Саруман опустился на колени и поцеловал рябую костлявую руку с короткими кривыми пальцами… Грима…
Прости.
Глаза их встретились.
И тогда Саруман увидел: сбудется… Третья Дорога…
Одиночество…
И кольцо разомкнулось.
— Давно хотел тебя спросить…
— О чем?
— Это правда, что… ну, как бы…
— Что-то случилось?
— Давно. Так, правда ль, что ты Мелкору глаза?..
— Что, глаза выколол?
— Да.
— Ты как думаешь?
— Я думаю, что — нет.
— А я думаю, что — да…
— Так значит — прав был Манвэ, когда…
— Да, милый мой Митрандир, Манвэ был прав, как всегда, впрочем, неправда ли? Ну а ты, сам посуди, Мелкор ведь тоже живой… был… да и кровь его… А кто бы еще решился сделать такое? На иных проклятия падают свыше, иные сами забирают себе эти проклятия, крадут их, так сказать… И уносят с собой.
— Куда?
— Что!
— Куда уносят?
— Уносят? да это я так… я отвлекся. Нет-нет, все было гораздо проще, чем вы думаете: в этом мире я — лишь Светлый слуга, вроде бы, за изначальное не в ответе, а посему — какое мне дело до людских проклятий? Впрочем, порою кажется мне, что уйду еще более страшной дорогой… Вам и не вообразить даже… Так кто ж, как не я?! Ведь нет у меня совести! Да, я сам тогда захотел совершить это, потому что мне легче вас всех — быть проклятым! Манвэ не виноват! Потому что я люблю их, добра им хочу, — чтоб все желания исполнялись, все. И Мелкора люблю тоже… и завидую ему… немного. Но он слишком долго выбирал. Слишком велики и явственны были его желания. И тогда — ну кто бы за ним пошел? Он ведь был слишком горд, чтобы простить себе свою собственную волю и слишком самонадеян, чтобы просто отказаться от своей силы и стать неуязвимым. Или он просто понял, что вслед за кровью идет вода, и когда утихают страсти былых побед и поражений, когда настает время не разрушать, а хранить; тогда — кто пошел бы за ним? Ведь не сумел он сохранить даже то, что было лично им вызванно к жизни. Все его мечты обратились в навь. Ну и кто бы теперь за ним пошел? Гордые да жестокие? На новые войны за какую-то темную справедливость? Поверь мне, справедливость ценой крови — безобразна, как… как… выколотые глаза! История устала от крови; а Мелкор… Он так и не научился бесстрастно созерцать, впрочем, что я говорю, ему-то как раз это и не нужно было. Но я думал, что та кровь — последняя, последнее насилие над злом, да видно — ошибся. Прав был Манвэ: покой достигается только в покое. Впрочем, он сам скоро в этом убедится, сам… ибо бездна моя… порою, я ее чувствую здесь, внутри, почти везде, но, Митрандир, мне страшно! Неужели…

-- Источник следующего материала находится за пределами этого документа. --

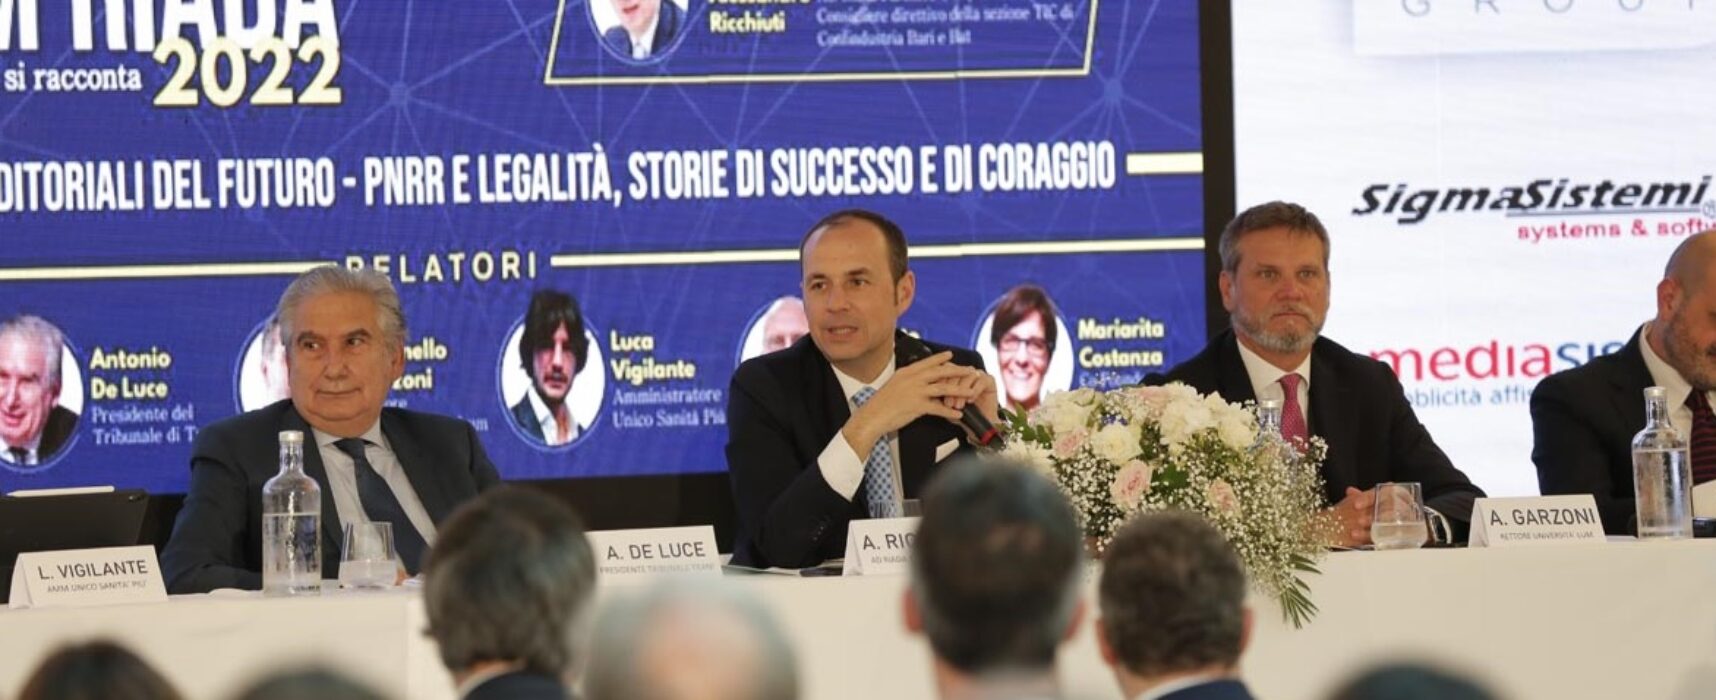 Ministro Urso e Vice Ministro Sisto al V Forum Riada, tra i temi Made in Italy e internalizzazione
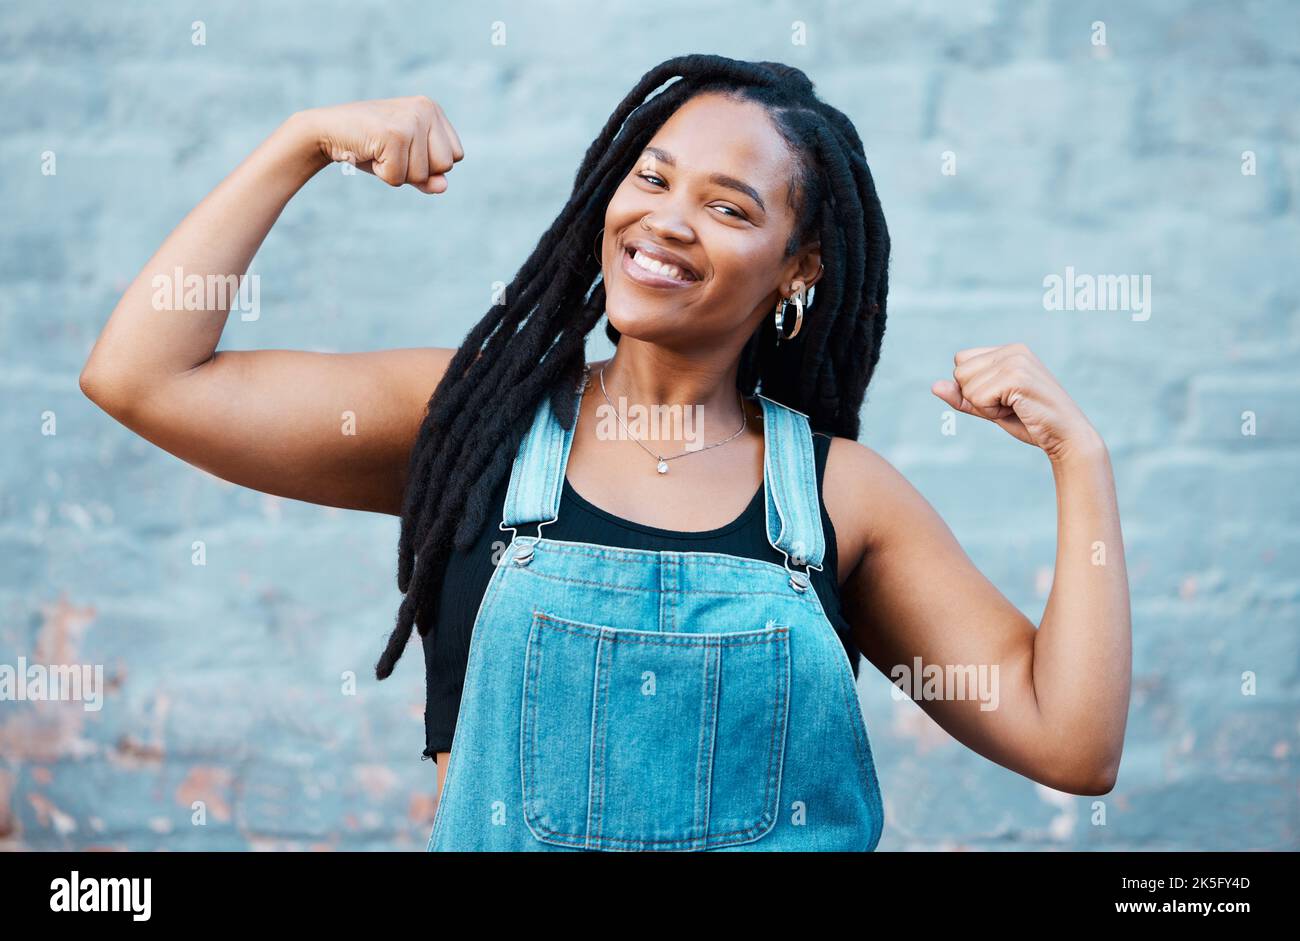 Glückliche schwarze Frau, Portrait Lächeln und Muskelkraft, Kraft und selbstbewusste Pose auf Wandhintergrund. Stolze afrikanische weibliche Biegung Bizeps, Muskeln und Stockfoto

— Брат, что с тобой? Успокойся. О чем ты? Все будет хорошо, мы вернемся в Валинор, а Враг будет разбит; но… Слушая вот всю эту твою чепуху, я так понял — ты не хочешь быть с нами, я так понял…
— Ты ничего не понял, Митрандир. Я пошутил, а? Никто никакие глаза никому не выкалывал. Ты не видел, не знал… Пустое. Сказки для, например, твоего Арагорна, кстати, как он там — умнеет?
— Ну и сволочь же ты, а я почти поверил…
— На том спасибо. И, знаешь, я рад, что ты хоть, допускаю, совершенно случайно, понял: я действительно не буду воевать, ни с вами, ни против вас…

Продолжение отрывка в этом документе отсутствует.